***** Exercise material
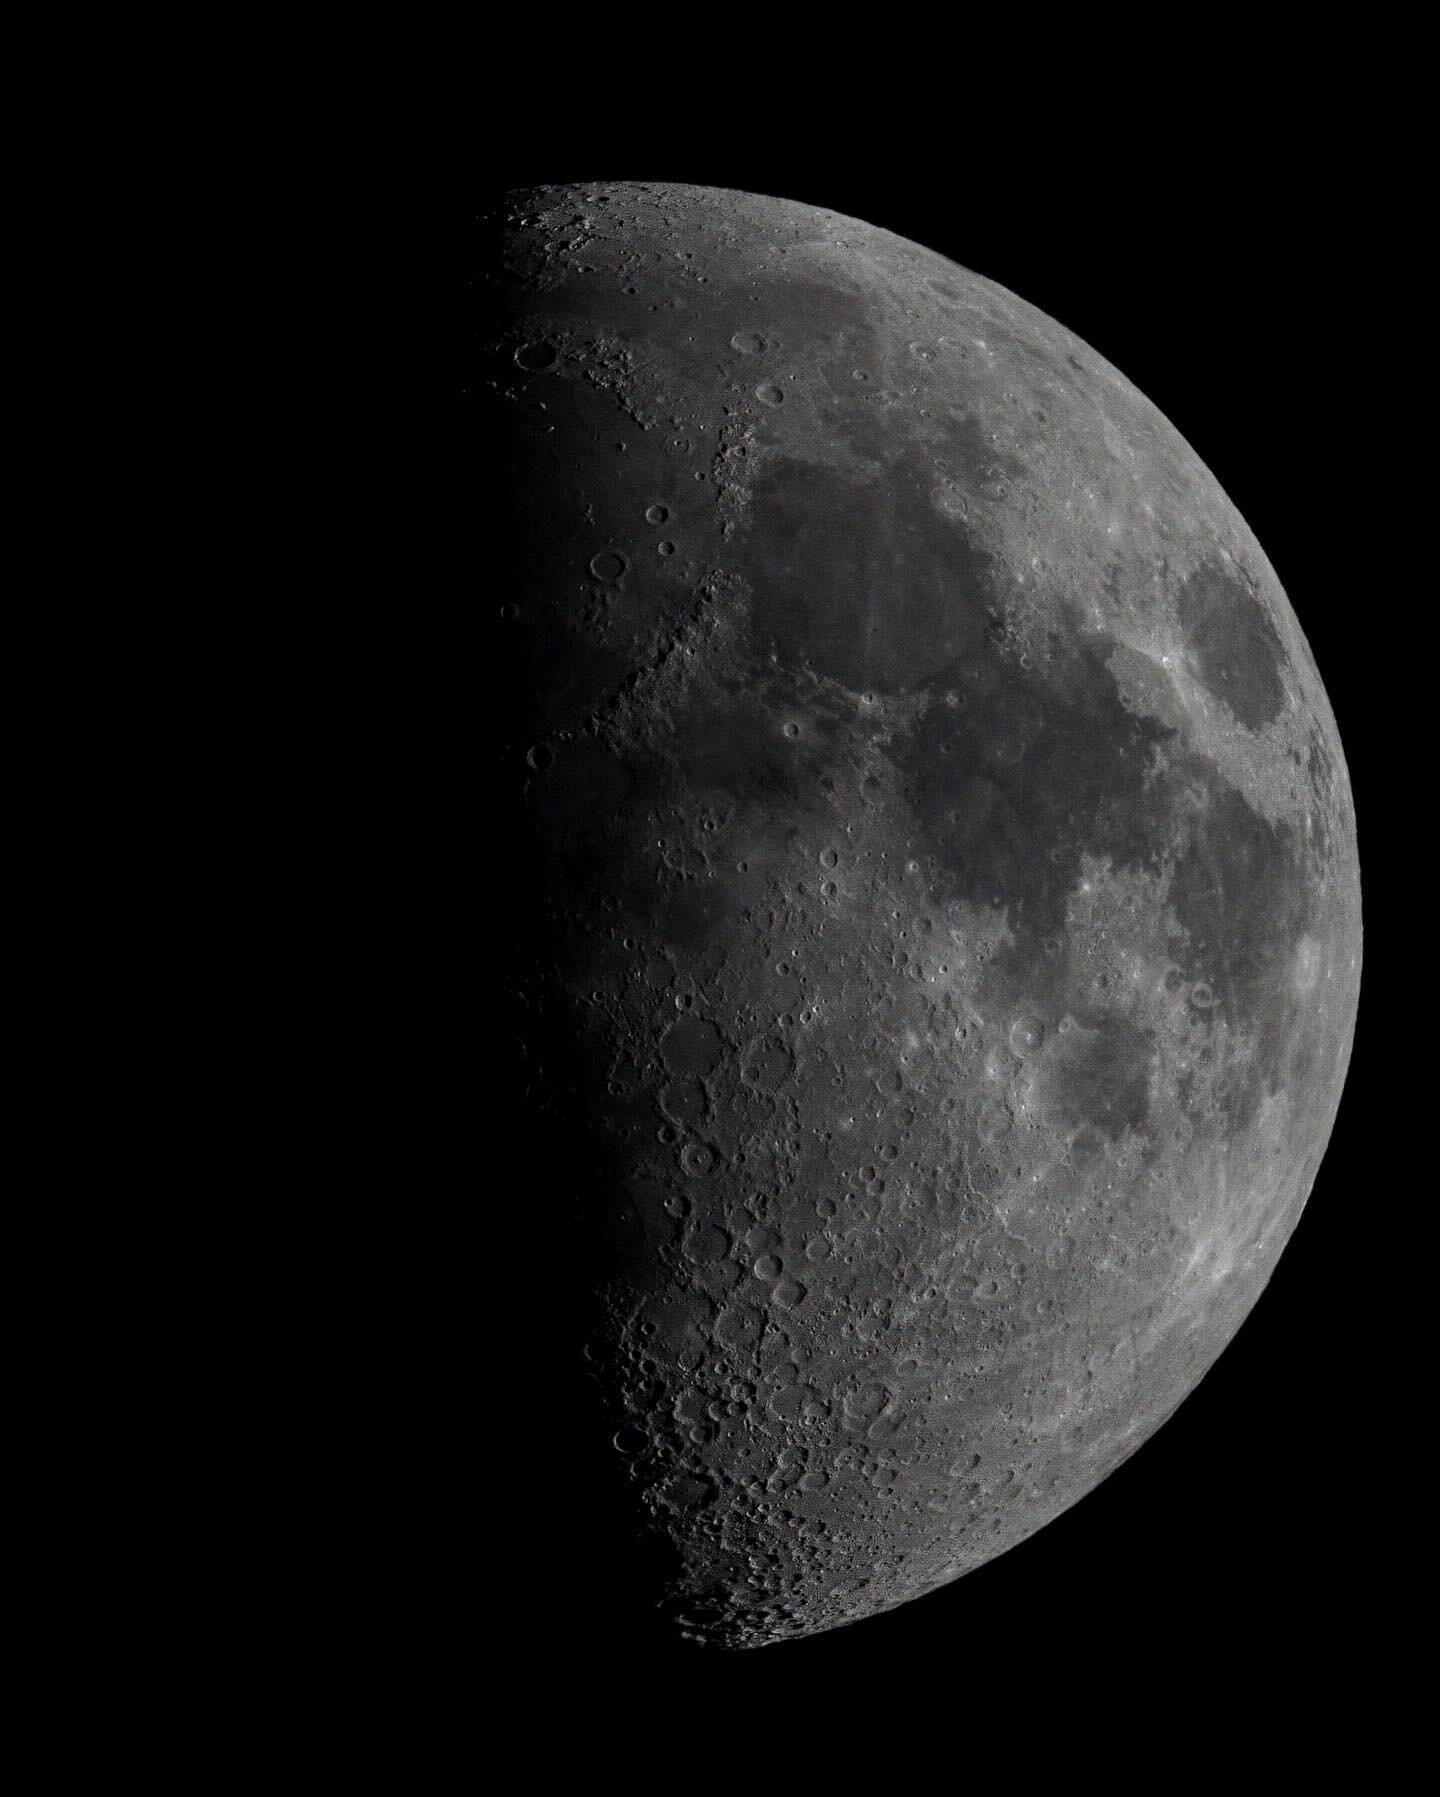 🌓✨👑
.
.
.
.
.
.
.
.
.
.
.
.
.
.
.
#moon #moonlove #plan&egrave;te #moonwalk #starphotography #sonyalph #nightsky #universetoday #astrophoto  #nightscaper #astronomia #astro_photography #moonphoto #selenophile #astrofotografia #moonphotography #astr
**********
(Work order) Leaving out the pictures, repeat all of the entries exactly.

(Output of the task)
 🌓✨👑
.
.
.
.
.
.
.
.
.
.
.
.
.
.
.
#moon #moonlove #plan&egrave;te #moonwalk #starphotography #sonyalph #nightsky #universetoday #astrophoto  #nightscaper #astronomia #astro_photography #moonphoto #selenophile #astrofotografia #moonphotography #astr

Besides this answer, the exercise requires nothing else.